AIM OF THE TASK: In your copy, repeat the records exactly and leave out the pictures.

RECORDS TO USE:
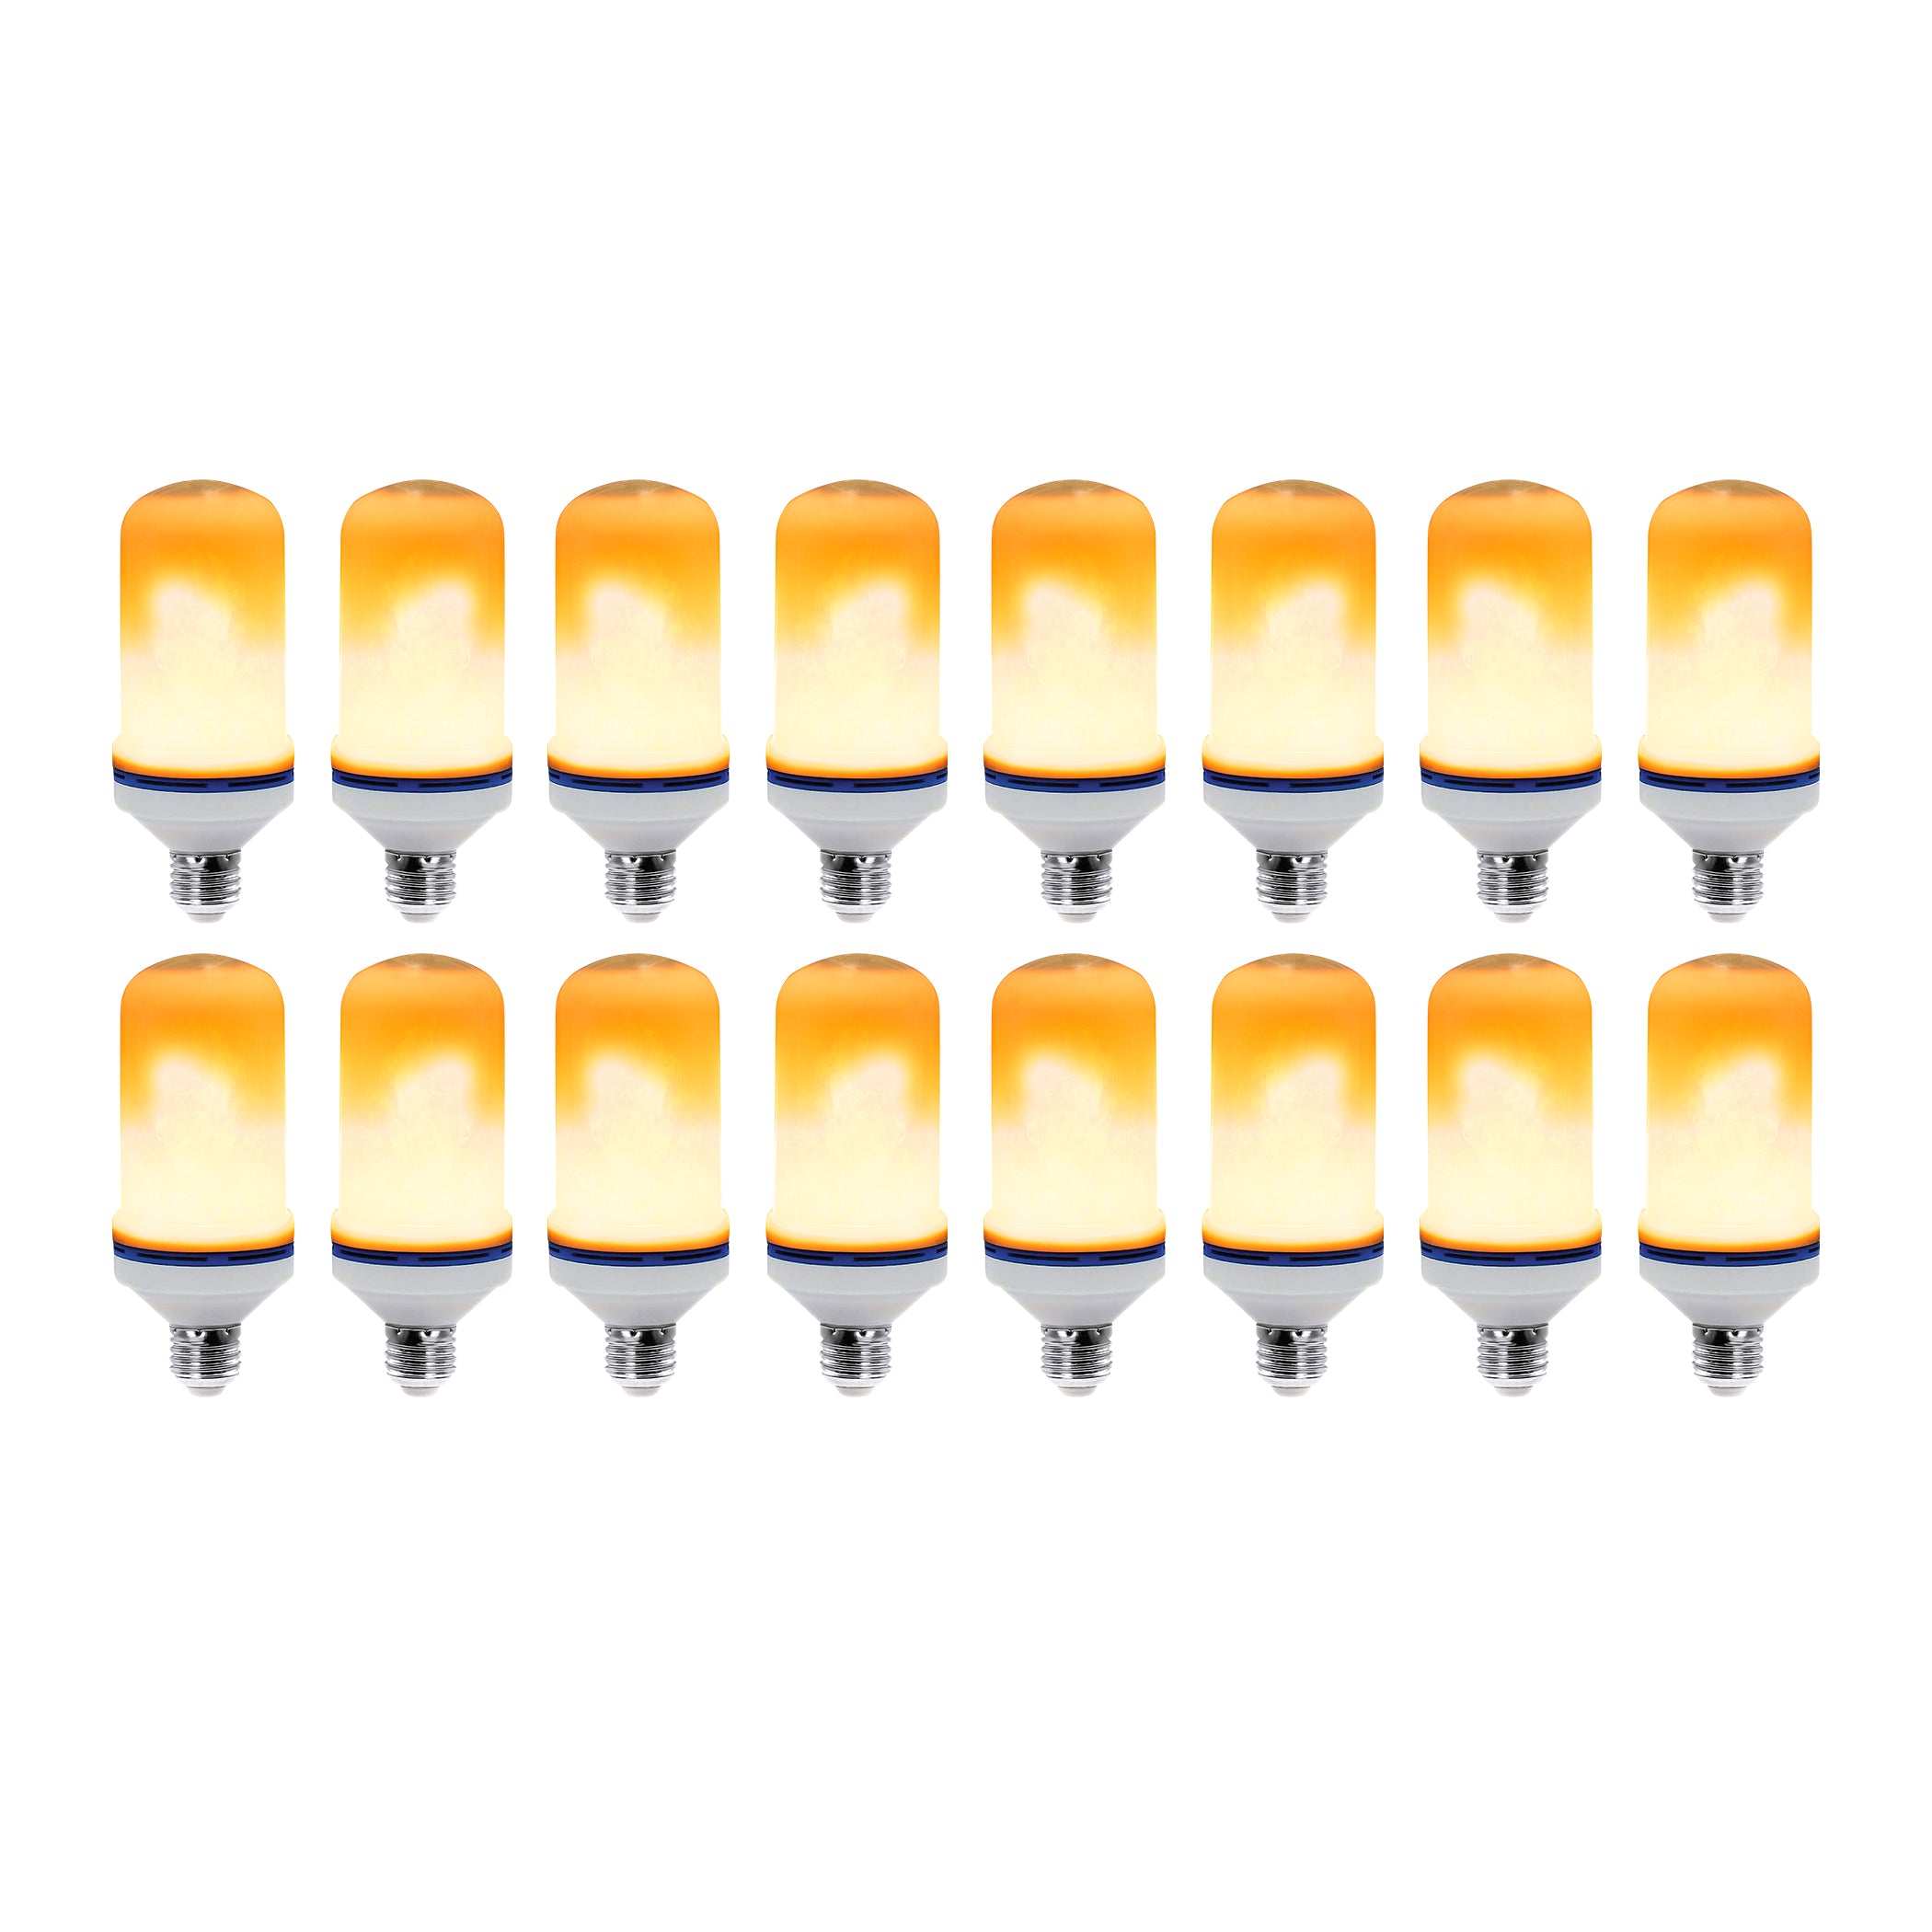 4.5-Watt Orange Flame LED Light Bulb, 40-watt Equivalent, 2-Pack
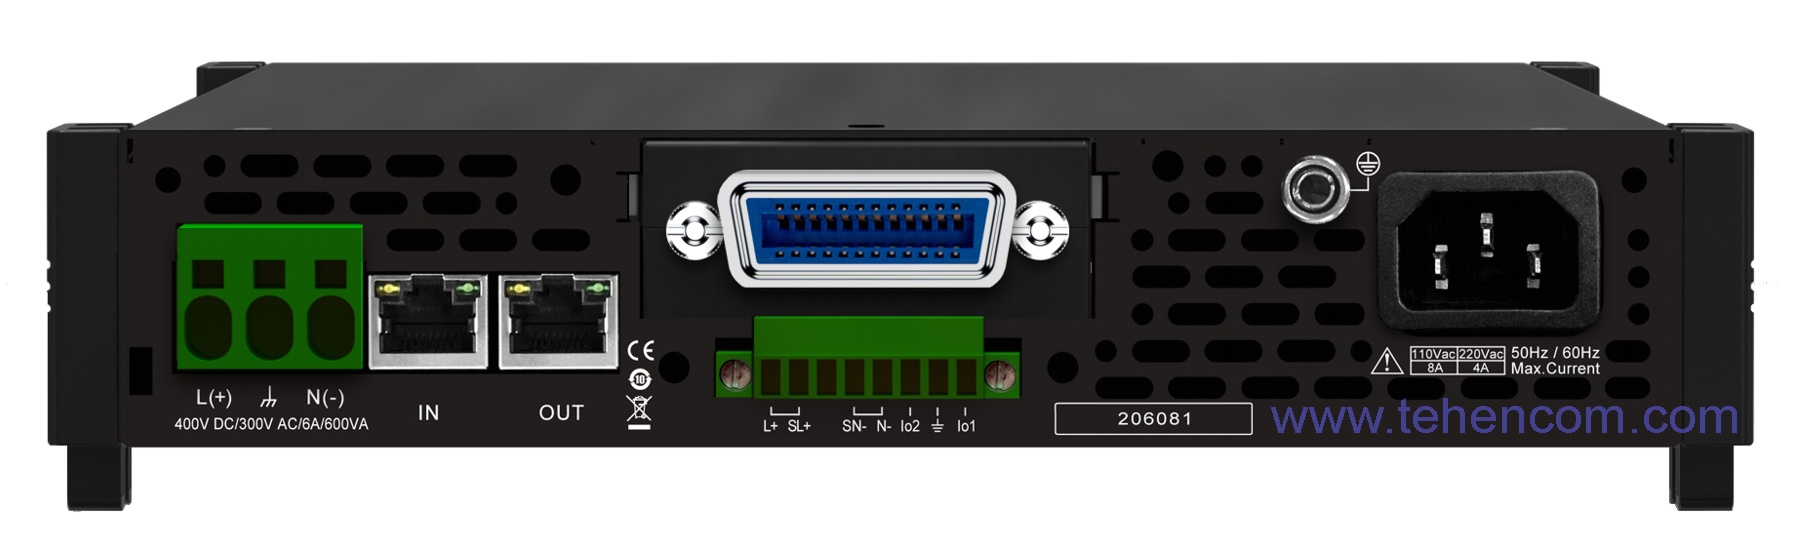 Задняя панель источника переменного тока IT-M7722 с установленным модулем IT-E1205 (GPIB)
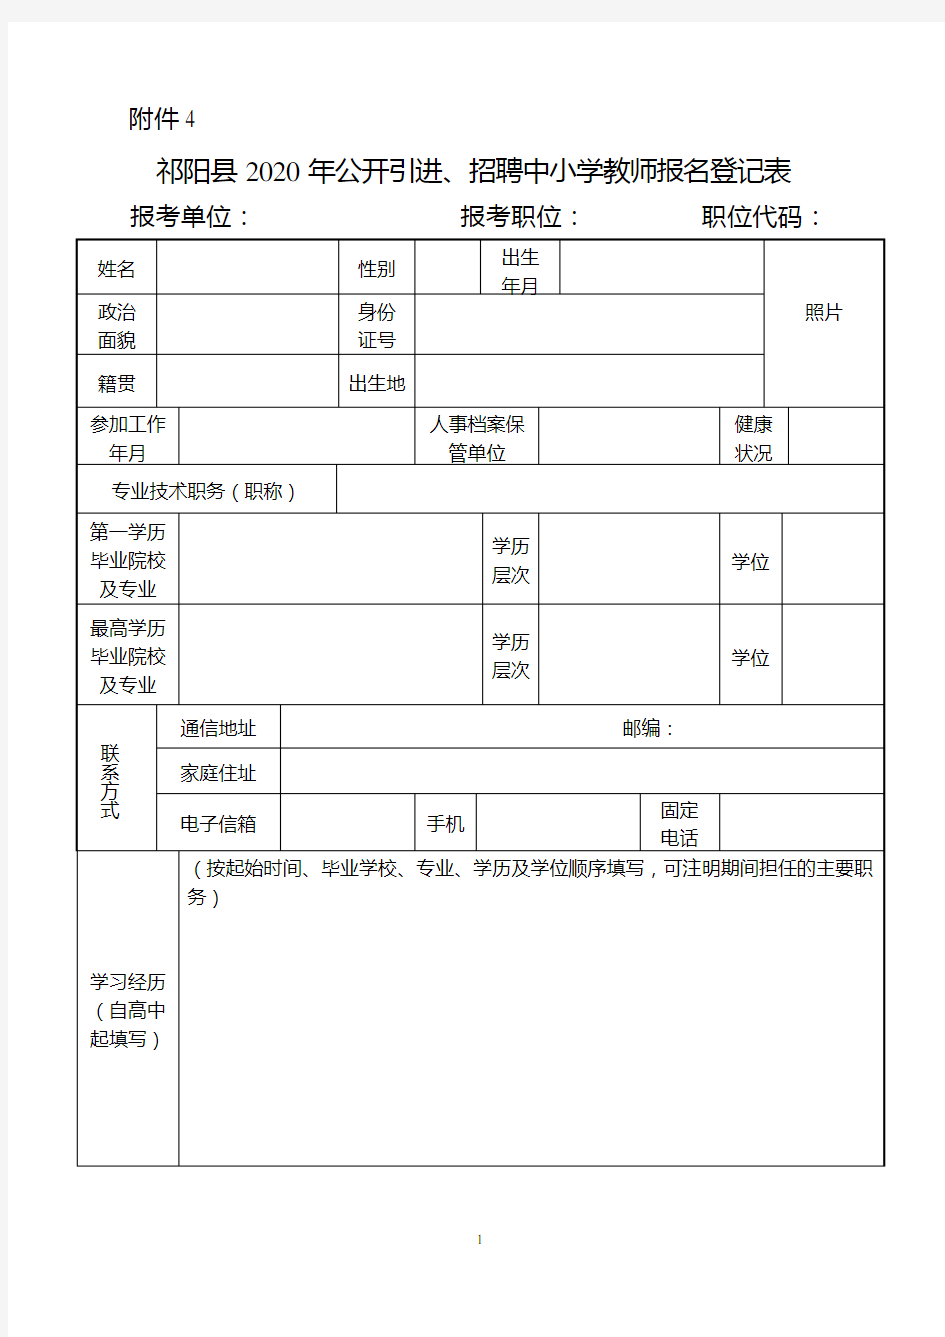 祁阳县2020年公开引进招聘中小学教师报名登记表
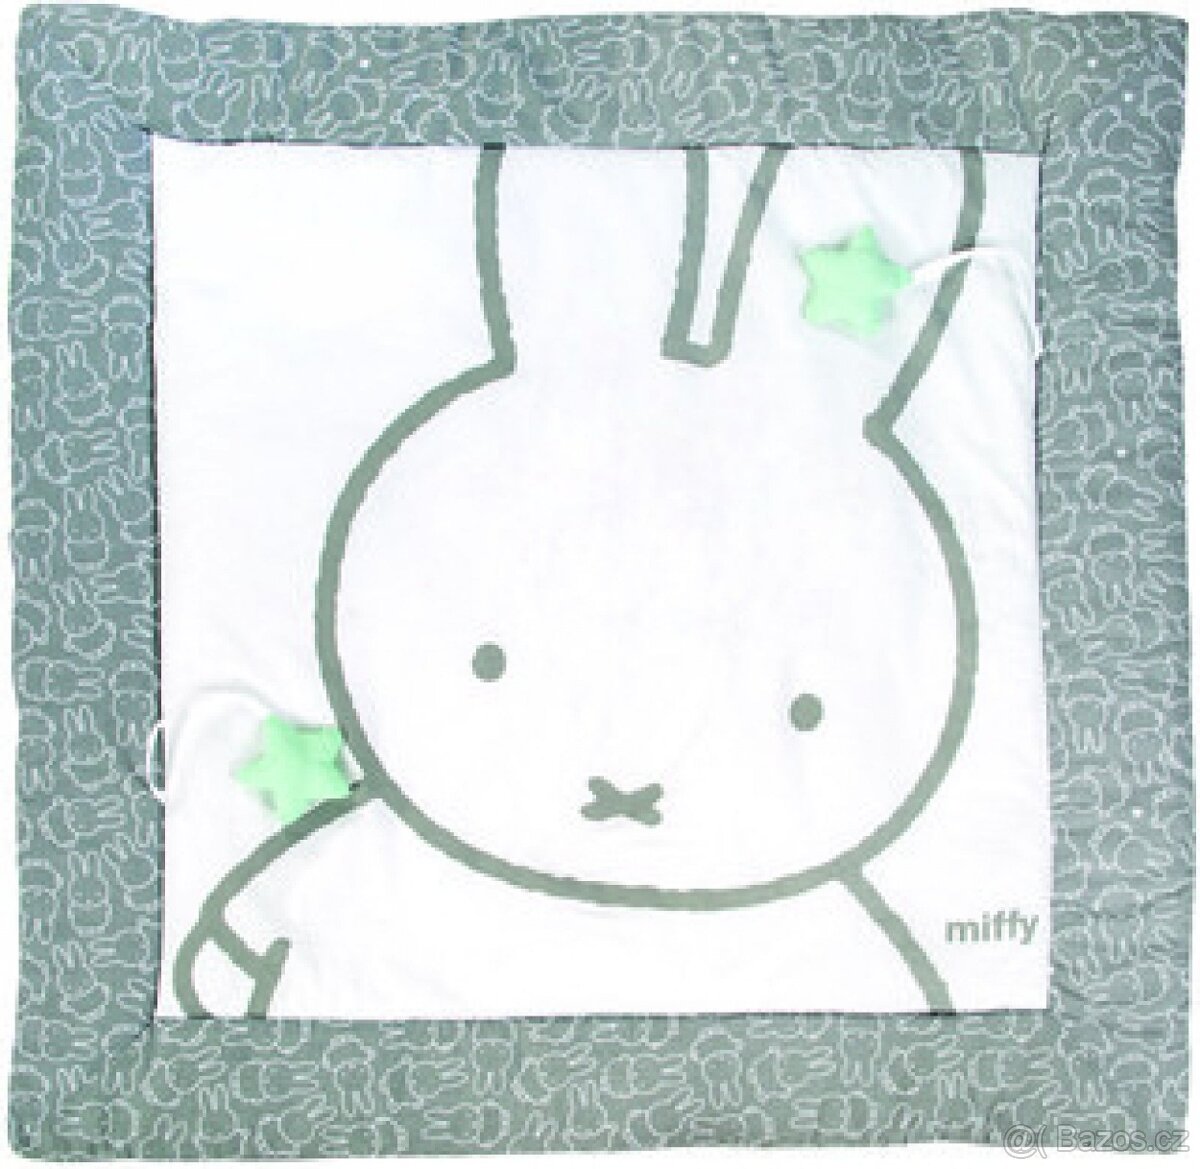 Roba Miffy nová hrací deka 100 cm x 100 cm bílo šedá
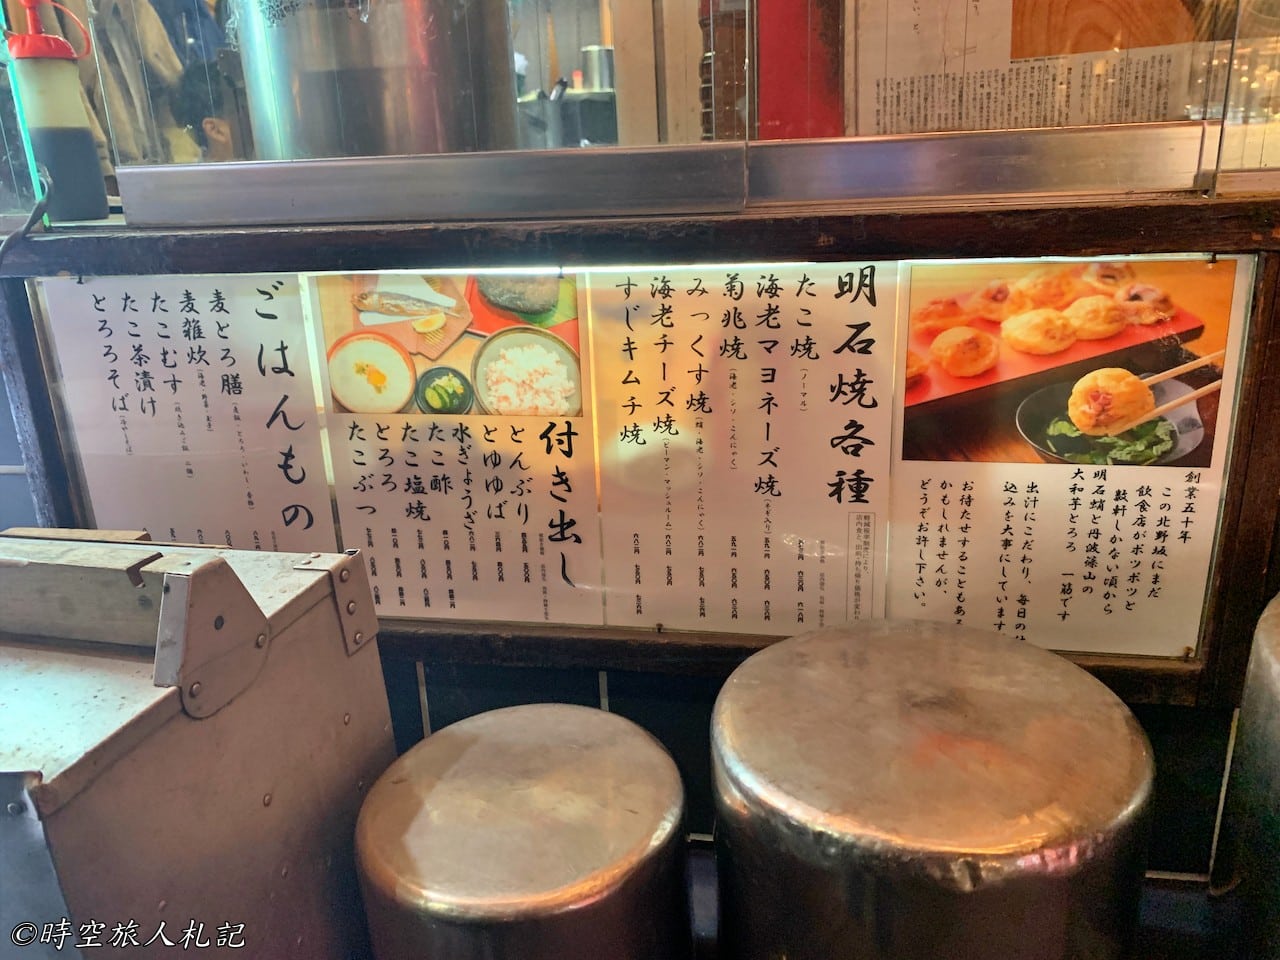 神戶美食,kobe-food,日本神戶美食 30

ANSWER TO THIS TASK:
 4.5-Watt Orange Flame LED Light Bulb, 40-watt Equivalent, 2-Pack
 Задняя панель источника переменного тока IT-M7722 с установленным модулем IT-E1205 (GPIB)
 祁阳县2020年公开引进招聘中小学教师报名登记表
 Roba Miffy nová hrací deka 100 cm x 100 cm bílo šedá
 神戶美食,kobe-food,日本神戶美食 30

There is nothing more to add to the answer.